Isaiah Berlin: A secular Jew but a loyal Jew
In 1830 a young French aristocrat visited the United States to see the new phenomenon of American democracy built on the principled separation of Church and state. He naturally expected to find a secular society, a place where religion, having been deprived of power, had no influence either. What he found was exactly the opposite: a society that was very religious indeed, a society in which religion was, in his words, "the first of its political institutions" — or, as we would say today, the first of its civil institutions.

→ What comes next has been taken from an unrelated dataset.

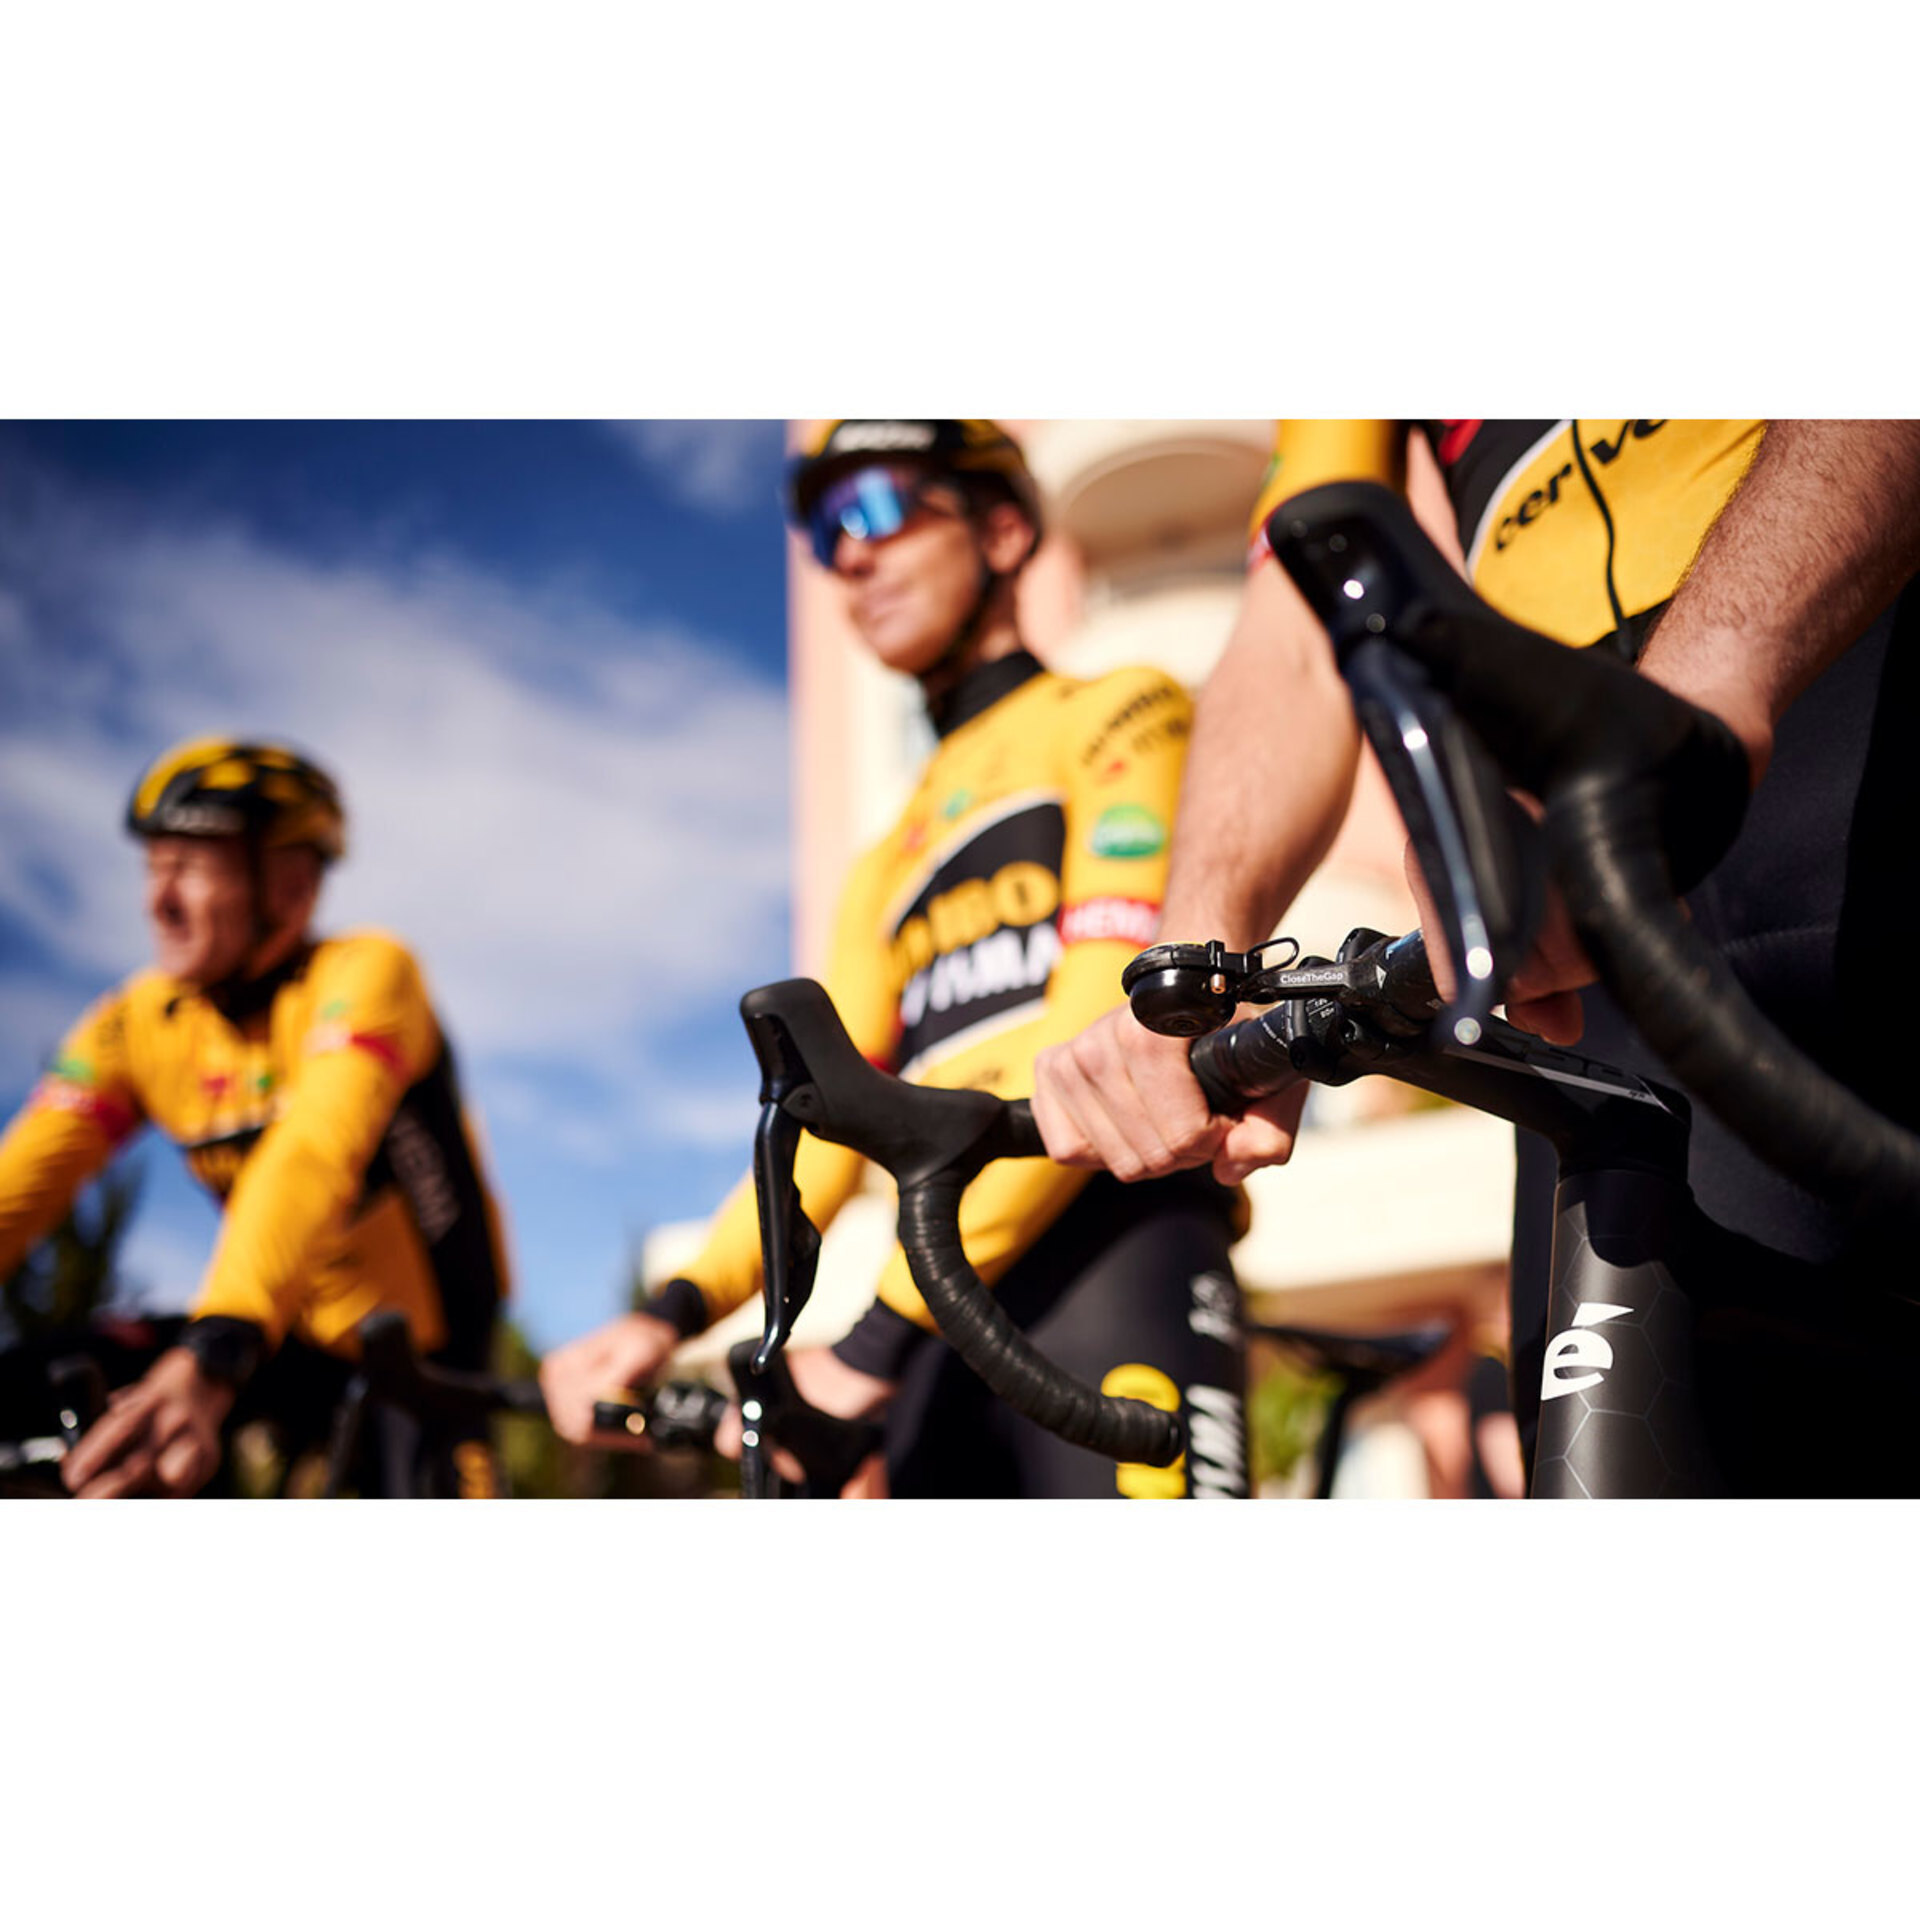 CloseTheGap HideMyBell Regular2 TdF Team Visma-Lease a Bike Editie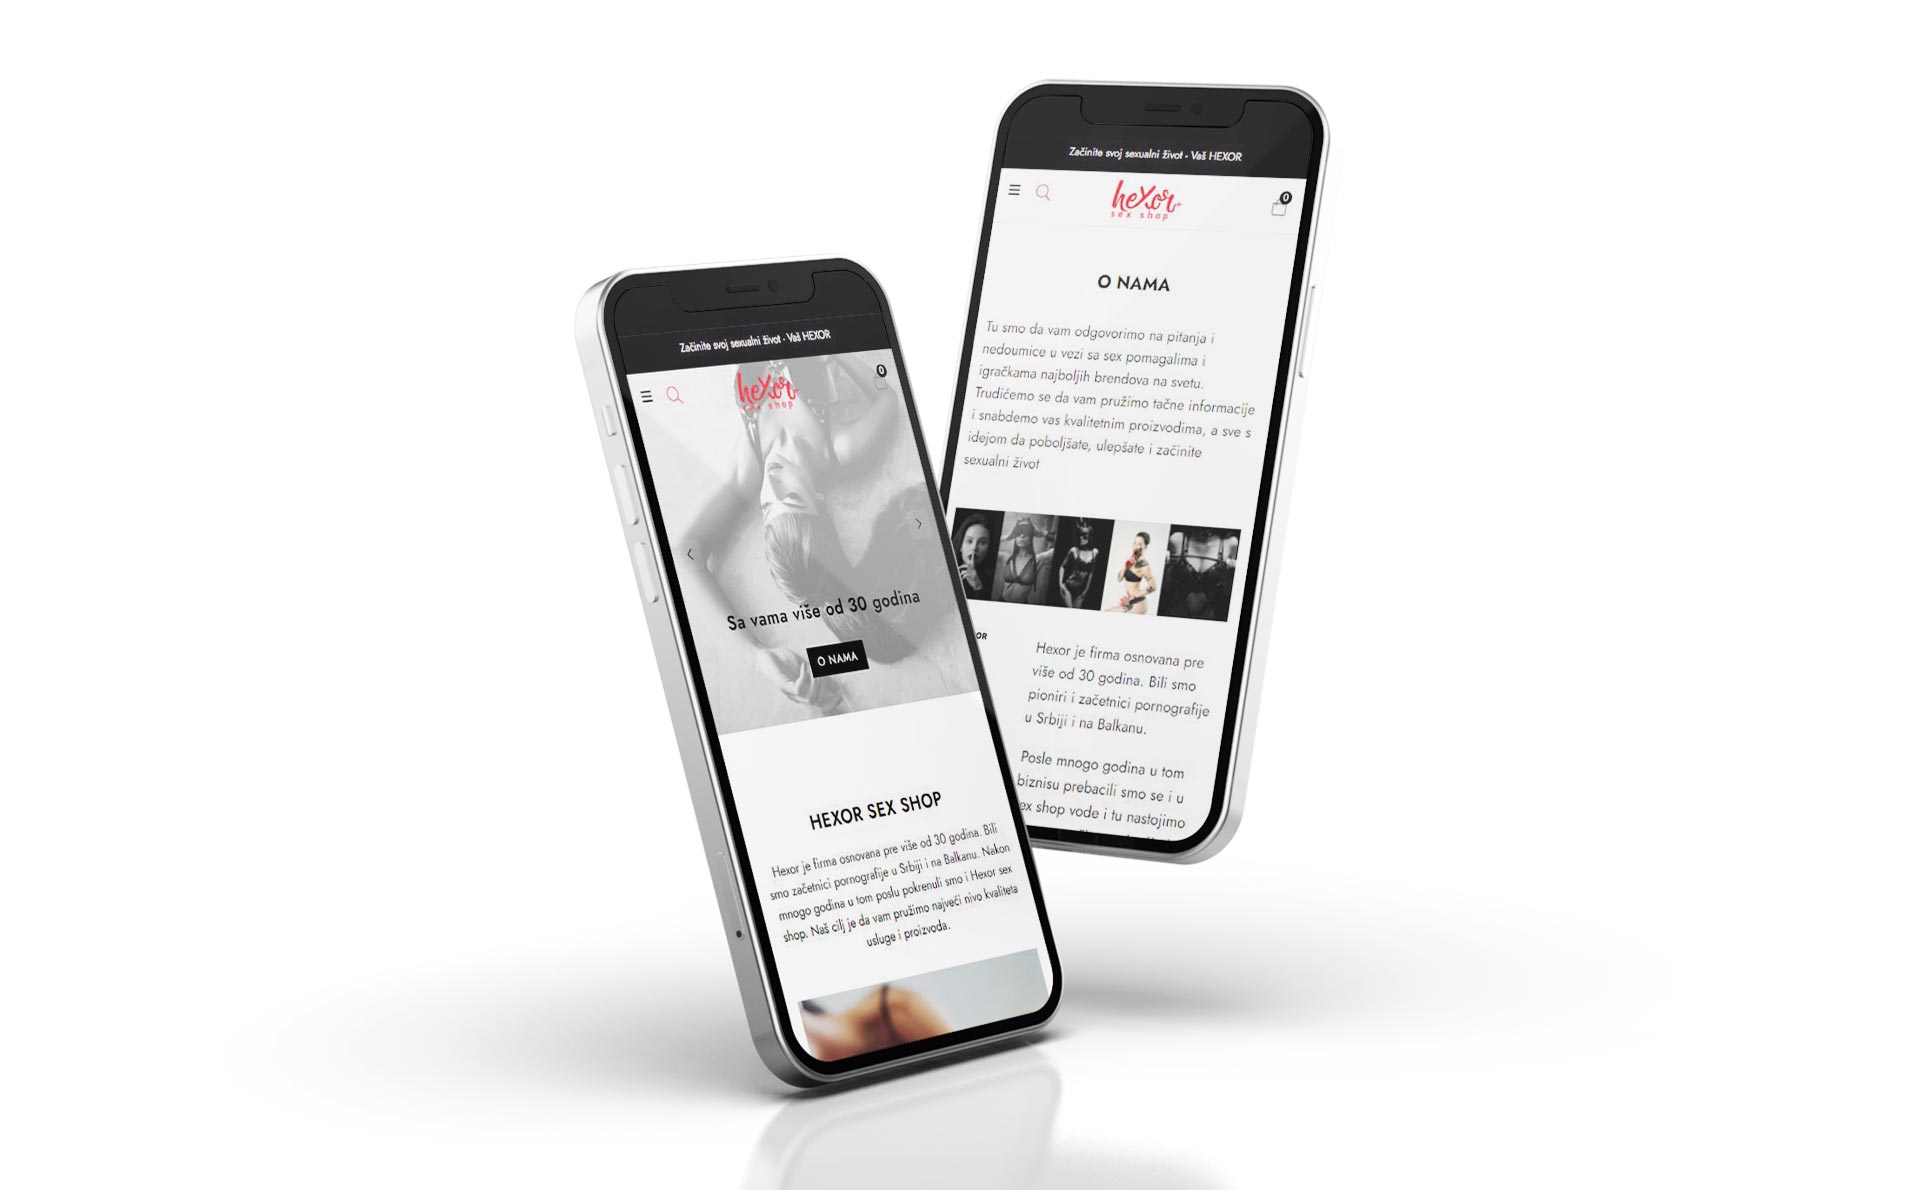 Fotografija mobilnih telefona sa naslovnom stranicom web shopa sexyshopsrbija.com firme Hexor i stranicom O nama – primer za pravljenje sajtova od strane profesionalaca.

The young aristocrat was Alexis de Tocqueville, and in the book that he wrote about his experiences, namely his experience of American democracy, he said: "18th-century philosophers had a very simple explanation for the gradual weakening of beliefs: religious zeal was bound to die down as enlightenment and freedom spread." In other words, Tocqueville was saying that every self-respecting 18th-century intellectual thought that religion was dying, in intensive care, and all that was needed was a little bit of help on its way — assisted suicide. "It is tiresome," Tocqueville said, "that the facts do not fit this theory at all." So he had this question: how come religion didn't die when everyone said it would?
One hundred and eighty years have passed since Tocqueville wrote these words, but until very recently intellectuals have been making the same mistake. In America today, for example, a higher percentage of the population attends a house of worship weekly than is the case in the theocratic state of Iran: 40 per cent in the US, 39 per cent in Iran. Furthermore, in China today, half a century after Chairman Mao declared China to be religion-free, there are more practising Christians than there are members of the Communist Party. One way or another, religion didn't die.
In 2009, the editor and the Washington correspondent of the Economist, John Micklethwait and Adrian Wooldridge, published a book, God is Back — an extraordinary title to come from the staff of that magazine. In 2000 the Harvard sociologist Robert Putnam published a book called Bowling Alone, in which he developed his famous thesis that more Americans than ever are going ten-pin bowling but fewer than ever are joining ten-pin bowling clubs or leagues. In other words, they're bowling alone. Putnam used this as his symbol for the loss of community in America, the loss of what American economists and sociologists call "social capital". So in 2000 he was arguing that there's no social capital left in America.